Recommendation 12 seeks to prohibit the practice of differential rebates for the same treatment—that is, where a consumer is paid a different rebate according to where they live or where their procedure was undertaken. This is despite the fact that they pay the same premium as everybody else and that the same insurance product is what they have taken. The government states:

Consumers are free to choose a private health insurance policy that pays a set benefit regardless of provider, and many insurers offer such products.

What it ignores is the fact that there is no one location for consumers to discover what insurers offer.

Recommendation 17 was mirrored in the dissenting report by government senators. It relates to a reasonable period of notice for policy changes. By rejecting this recommendation, the government has chosen to leave consumers at the mercy of insurers, who can change their policy and coverage with as little as 60 days notice, leaving consumers who have commenced or have planned to commence treatment floundering. This is a poor position for consumers, and one I and the committee would have thought would not have been strongly supported by government.

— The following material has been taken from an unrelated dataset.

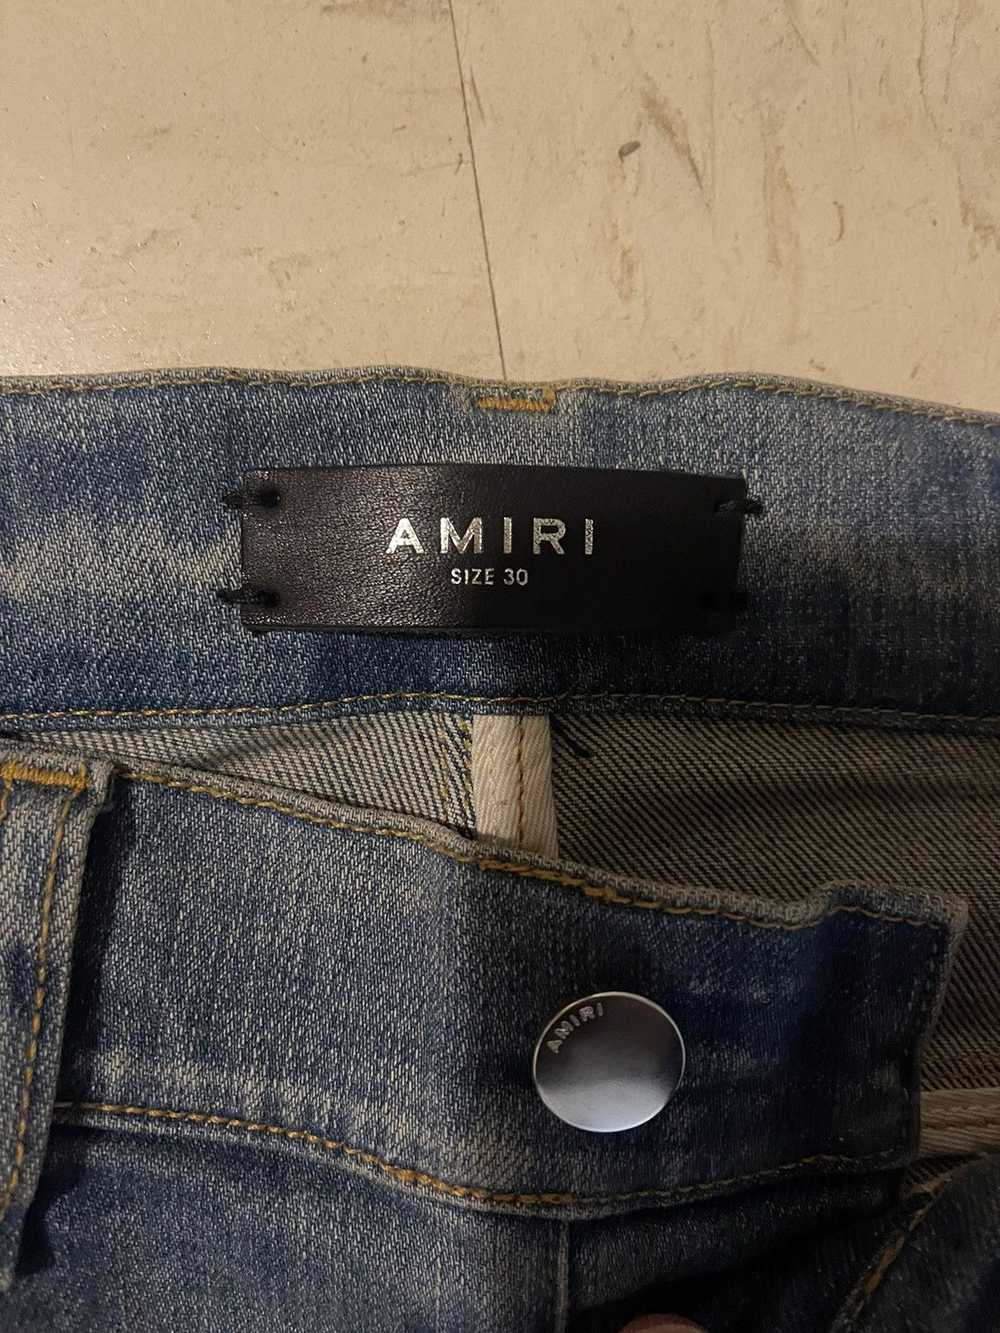 Amiri Amiri Mx1 Paint Splatter Jeans - image 5

All-up, out of the 19 recommendations, government agreed to just five, or a little over a quarter. It outright rejected a further five and noted a further nine, which likely means no action will be taken on them. This was a very important inquiry, and I sincerely implore this government or the next to review and reconsider the recommendations which have been noted or rejected, to ensure the public receives the best possible, most affordable and most transparent private health care possible.